In modern statistics, the concept of linear models allows researchers to understand and predict relationships between variables. Among them, the General Linear Model (GLM) is widely used in multivariable regression analysis, and the Multiple Linear Regression (Multiple Linear Regression) is a special case of this theory. So, what is the connection between the two?
The general linear model is a parsimonious method that represents multiple multivariable regression models simultaneously, which means that it is not an independent statistical linear model. In short, we can write different multivariable regression models in this form:
Y = X * B + U
Here, Y is a matrix containing multiple measured variable data, X is the observation matrix of independent variables, B is the parameter matrix, and U is the matrix of uncertainty or error. It is worth mentioning that these errors are generally assumed to be uncorrelated across observations and follow a multivariate normal distribution. If these errors do not follow a multivariate normal distribution, we can use a Generalized Linear Model (GLM) to relax the assumptions about Y and U.

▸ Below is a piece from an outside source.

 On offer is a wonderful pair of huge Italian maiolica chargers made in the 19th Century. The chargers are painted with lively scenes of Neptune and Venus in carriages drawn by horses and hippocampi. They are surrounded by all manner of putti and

The core meaning of the general linear model is that it combines a variety of different statistical models, such as ANOVA, ANCOVA, MANOVA, MANCOVA, etc., which allows it to handle more than one dependent variable, thereby providing a more comprehensive analysis. In this sense, ordinary linear regression is a special case of the general linear model, that is, it is limited to one dependent variable.
Ordinary linear regression is a model related to simple linear regression that focuses on the effect of multiple independent variables on a single dependent variable.
Specifically, the basic model of ordinary linear regression is: Y_i = β_0 + β_1 * X_i1 + β_2 * X_i2 + ... + β_p * X_ip + ε_i. If we consider n observations and p independent variables with this formula, Y_i is the i-th observed value of the dependent variable, while X_ik represents the corresponding observation of the independent variable, β_j is the parameter to be estimated, and ε_i is the i-th independent and identically distributed normal error.
For general linear models, when there is more than one dependent variable, we enter the field of multivariable regression. In this case, for each dependent variable, there are corresponding regression parameters to be estimated, so computationally this is actually a series of standard multiple linear regressions, all using the same explanatory variables.
The assumption of the general linear model is that the residuals will follow a conditional normal distribution, while the generalized linear model relaxes this assumption to allow a variety of other distributions.
Looking further, an important difference between general linear models and generalized linear models (GLM) is that GLM allows a wider range of residual distribution forms to choose from the exponential distribution family, such as binary logistic regression, Poisson regression, etc. The significance of this criticism is that when faced with different types of outcome variables, researchers can choose appropriate models to obtain the best prediction effect.
For example, the application of general linear models can be seen in the analysis of brain scan data. Y may contain the data from the brain scan, and X may be the variables in the experimental design. These tests are usually performed in a univariate manner, which is known in the field as mass-univariate analysis, and is often used in statistical parametric mapping studies.
In short, the relationship between ordinary linear regression and general linear models is like the relationship between a family and its special cases, focusing on how to change from simple observations to complex multi-variable relationships. As statistical analysis techniques develop, understanding the hidden treasures of these models will be an integral part of research efforts. However, in such a development trend, we perhaps should think about: Have you made full use of these statistical tools to influence your research and decision-making?